Segundo a psicóloga Monica Rezende Queiro, o medo do escuro geralmente se fortalece por mecanismos de reforçamento, tanto positivo quanto negativo. “Quando a criança chora e alguém imediatamente acende a luz ou retira do quarto escuro, isso reforça a ideia de que realmente havia algo a temer”, explica. O comportamento se alimenta dessas respostas rápidas: dormir com os pais, ganhar companhia, ter a luz acesa passam a ser recompensas esperadas.
Outras vezes, o medo nasce a partir de experiências que a criança entende como ameaçadoras: histórias com criaturas assustadoras, cenas de filmes, sustos inesperados. Se o ambiente escuro nunca é associado a algo tranquilo e seguro, a tendência é que ele torne-se, cada vez mais, cenário para a ansiedade — até mesmo na adolescência ou vida adulta.
O que indica o medo do escuro em jovens e adultos?
Persistir com medo do escuro depois da infância pode ser sinal de questões emocionais mais profundas. Para além das memórias de infância, a repetição do medo pode estar associada a períodos de ansiedade elevada, traumas não elaborados ou inseguranças que precisariam de um olhar cuidadoso. A psicologia não define o medo do escuro em adultos como um fracasso individual, mas como sintoma possível de sofrimento que merece atenção respeitosa.

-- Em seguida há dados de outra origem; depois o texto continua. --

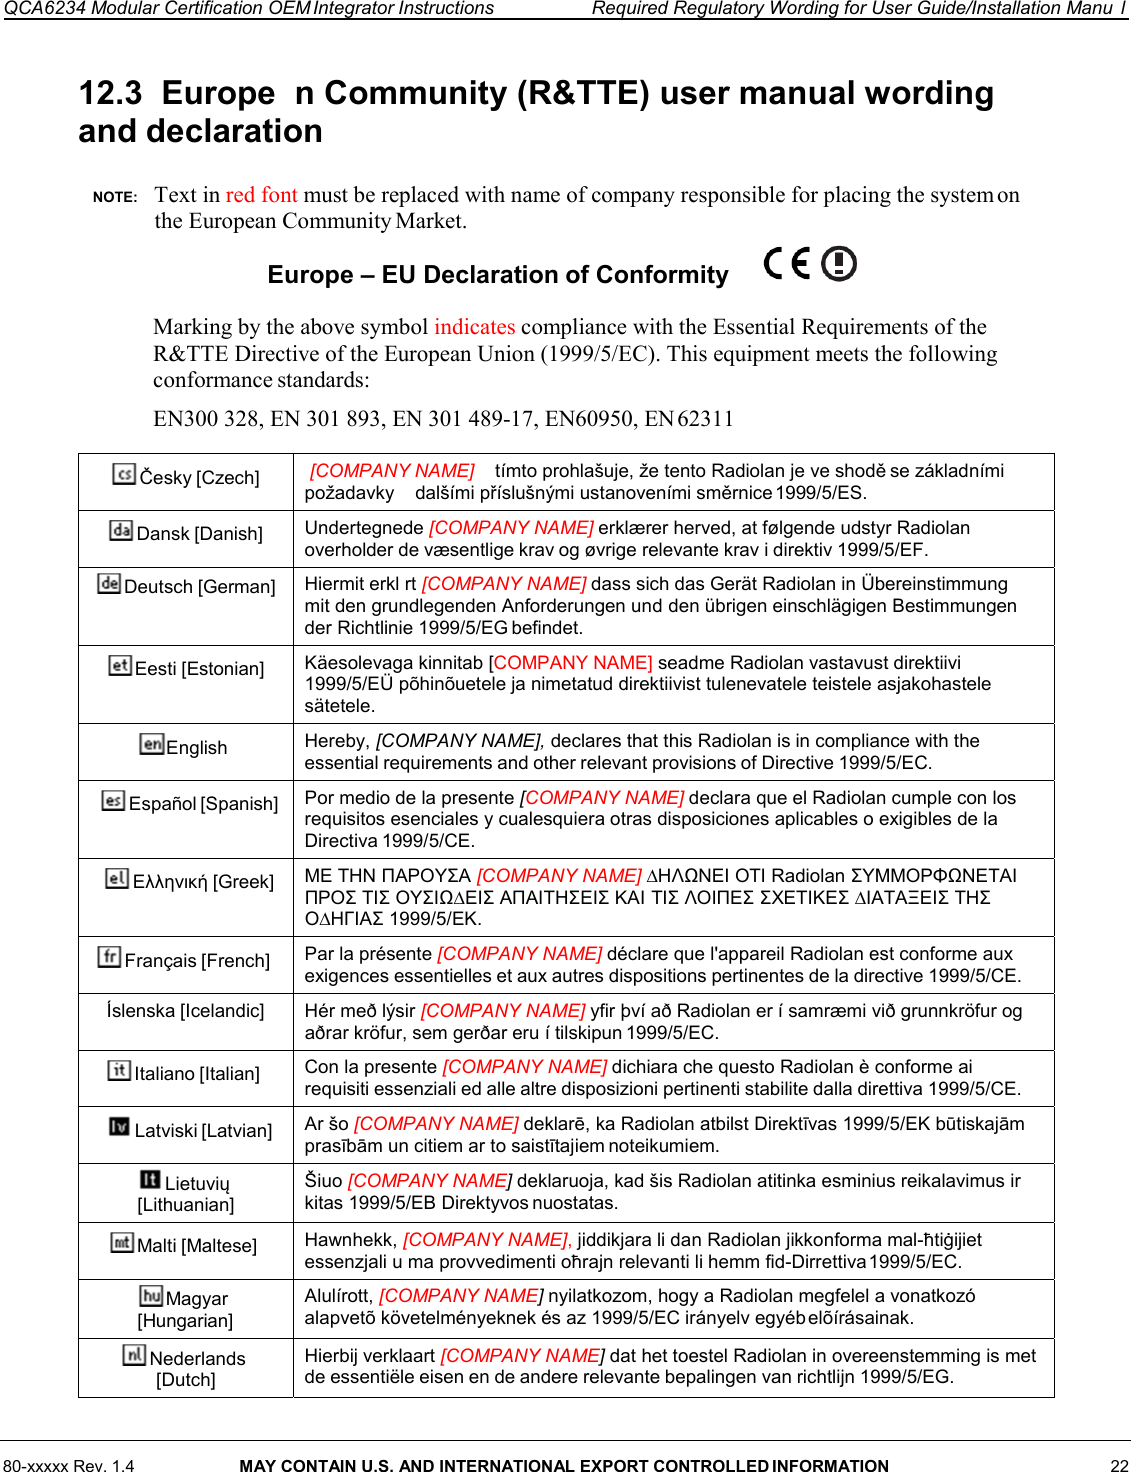 80-xxxxx Rev. 1.4  MAY CONTAIN U.S. AND INTERNATIONAL EXPORT CONTROLLED INFORMATION 22  QCA6234 Modular Certification OEM Integrator Instructions  Required Regulatory Wording for User Guide/Installation Manu  l    12.3  Europe  n Community (R&amp;TTE) user manual wording and declaration  NOTE:    Text in red font must be replaced with name of company responsible for placing the system on the European Community Market. Europe – EU Declaration of Conformity    Marking by the above symbol indicates compliance with the Essential Requirements of the R&amp;TTE Directive of the European Union (1999/5/EC). This equipment meets the following conformance standards: EN300 328, EN 301 893, EN 301 489-17, EN60950, EN 62311  Česky [Czech]  [COMPANY NAME]  tímto prohlašuje, že tento Radiolan je ve shodě se základními požadavky    dalšími příslušnými ustanoveními směrnice 1999/5/ES. Dansk [Danish]  Undertegnede [COMPANY NAME] erklærer herved, at følgende udstyr Radiolan overholder de væsentlige krav og øvrige relevante krav i direktiv 1999/5/EF. Deutsch [German]  Hiermit erkl rt [COMPANY NAME] dass sich das Gerät Radiolan in Übereinstimmung mit den grundlegenden Anforderungen und den übrigen einschlägigen Bestimmungen der Richtlinie 1999/5/EG befindet. Eesti [Estonian]  Käesolevaga kinnitab [COMPANY NAME] seadme Radiolan vastavust direktiivi 1999/5/EÜ põhinõuetele ja nimetatud direktiivist tulenevatele teistele asjakohastele sätetele. English  Hereby, [COMPANY NAME], declares that this Radiolan is in compliance with the essential requirements and other relevant provisions of Directive 1999/5/EC. Español [Spanish]  Por medio de la presente [COMPANY NAME] declara que el Radiolan cumple con los requisitos esenciales y cualesquiera otras disposiciones aplicables o exigibles de la Directiva 1999/5/CE. Ελληνική [Greek]  ΜΕ ΤΗΝ ΠΑΡΟΥΣΑ [COMPANY NAME] ∆ΗΛΩΝΕΙ ΟΤΙ Radiolan ΣΥΜΜΟΡΦΩΝΕΤΑΙ ΠΡΟΣ ΤΙΣ ΟΥΣΙΩ∆ΕΙΣ ΑΠΑΙΤΗΣΕΙΣ ΚΑΙ ΤΙΣ ΛΟΙΠΕΣ ΣΧΕΤΙΚΕΣ ∆ΙΑΤΑΞΕΙΣ ΤΗΣ Ο∆ΗΓΙΑΣ 1999/5/ΕΚ. Français [French]  Par la présente [COMPANY NAME] déclare que l&apos;appareil Radiolan est conforme aux exigences essentielles et aux autres dispositions pertinentes de la directive 1999/5/CE. Íslenska [Icelandic]  Hér með lýsir [COMPANY NAME] yfir því að Radiolan er í samræmi við grunnkröfur og aðrar kröfur, sem gerðar eru í tilskipun 1999/5/EC. Italiano [Italian]  Con la presente [COMPANY NAME] dichiara che questo Radiolan è conforme ai requisiti essenziali ed alle altre disposizioni pertinenti stabilite dalla direttiva 1999/5/CE. Latviski [Latvian]  Ar šo [COMPANY NAME] deklarē, ka Radiolan atbilst Direktīvas 1999/5/EK būtiskajām prasībām un citiem ar to saistītajiem noteikumiem. Lietuvių [Lithuanian] Šiuo [COMPANY NAME] deklaruoja, kad šis Radiolan atitinka esminius reikalavimus ir kitas 1999/5/EB Direktyvos nuostatas. Malti [Maltese]  Hawnhekk, [COMPANY NAME], jiddikjara li dan Radiolan jikkonforma mal-ħtiġijiet essenzjali u ma provvedimenti oħrajn relevanti li hemm fid-Dirrettiva 1999/5/EC. Magyar [Hungarian] Alulírott, [COMPANY NAME] nyilatkozom, hogy a Radiolan megfelel a vonatkozó alapvetõ követelményeknek és az 1999/5/EC irányelv egyéb elõírásainak. Nederlands [Dutch] Hierbij verklaart [COMPANY NAME] dat het toestel Radiolan in overeenstemming is met de essentiële eisen en de andere relevante bepalingen van richtlijn 1999/5/EG.

Quais sinais podem ser observados?
Observe os seguintes sinais:
- Dificuldade ou demora excessiva para dormir sem luz;
- Despertar com frequência durante a noite;
- Recusa persistente em ficar sozinho em ambientes escuros;
- Sentimento intenso de insegurança ou pânico ao apagar as luzes.
Esses comportamentos precisam ser olhados no contexto. Quando causam sofrimento significativo ou dificultam a rotina, buscar auxílio de um profissional é fundamental.
Como a psicologia propõe lidar com o medo do escuro?
Segundo Monica Rezende Queiroz, a psicologia oferece caminhos possíveis para quem convive com esse medo de modo persistente. As intervenções mais indicadas não buscam forçar a coragem, mas construir gradualmente experiências positivas relacionadas à escuridão. Veja algumas abordagens reconhecidas:
- Dessensibilização sistemática: exposição gradual a ambientes com menos luz, sempre em condições controladas, reforçando respostas calmas ao longo do tempo.
- Treinamento de habilidades de enfrentamento: ensino de técnicas simples, como respiração profunda, relaxamento corporal e recursos lúdicos que transmitam tranquilidade.
- Modelagem comportamental: início em ambientes com luz suave, com posterior redução progressiva da iluminação, encorajando aproximações sucessivas ao objetivo.
- Reforçamento diferencial: valorização de comportamentos desejáveis, como dormir sozinho ou usar abajur, sem premiar reações de fuga (como pedir para dormir com os pais).
- Histórias sociais: uso de narrativas e personagens que superam o medo, estimulando inspiração, identificação e aprendizado positivo.
- Ambiente previsível e seguro: rotina noturna consistente, com rituais relaxantes antes de apagar a luz, como histórias calmas e conversas acolhedoras.

Como superar este medo?
Sentir medo do escuro, seja na infância ou depois dela, fala sobre limites, insegurança e associações construídas ao longo do tempo. Mais do que resolver, cabe entender o contexto e buscar possibilidades respeitosas de enfrentamento — seja com apoio profissional, seja na experimentação de novas experiências, com paciência e acolhimento. O escuro segue existindo; o modo como cada um aprende a habitá-lo é que vai se desenhando, aos poucos, à própria maneira.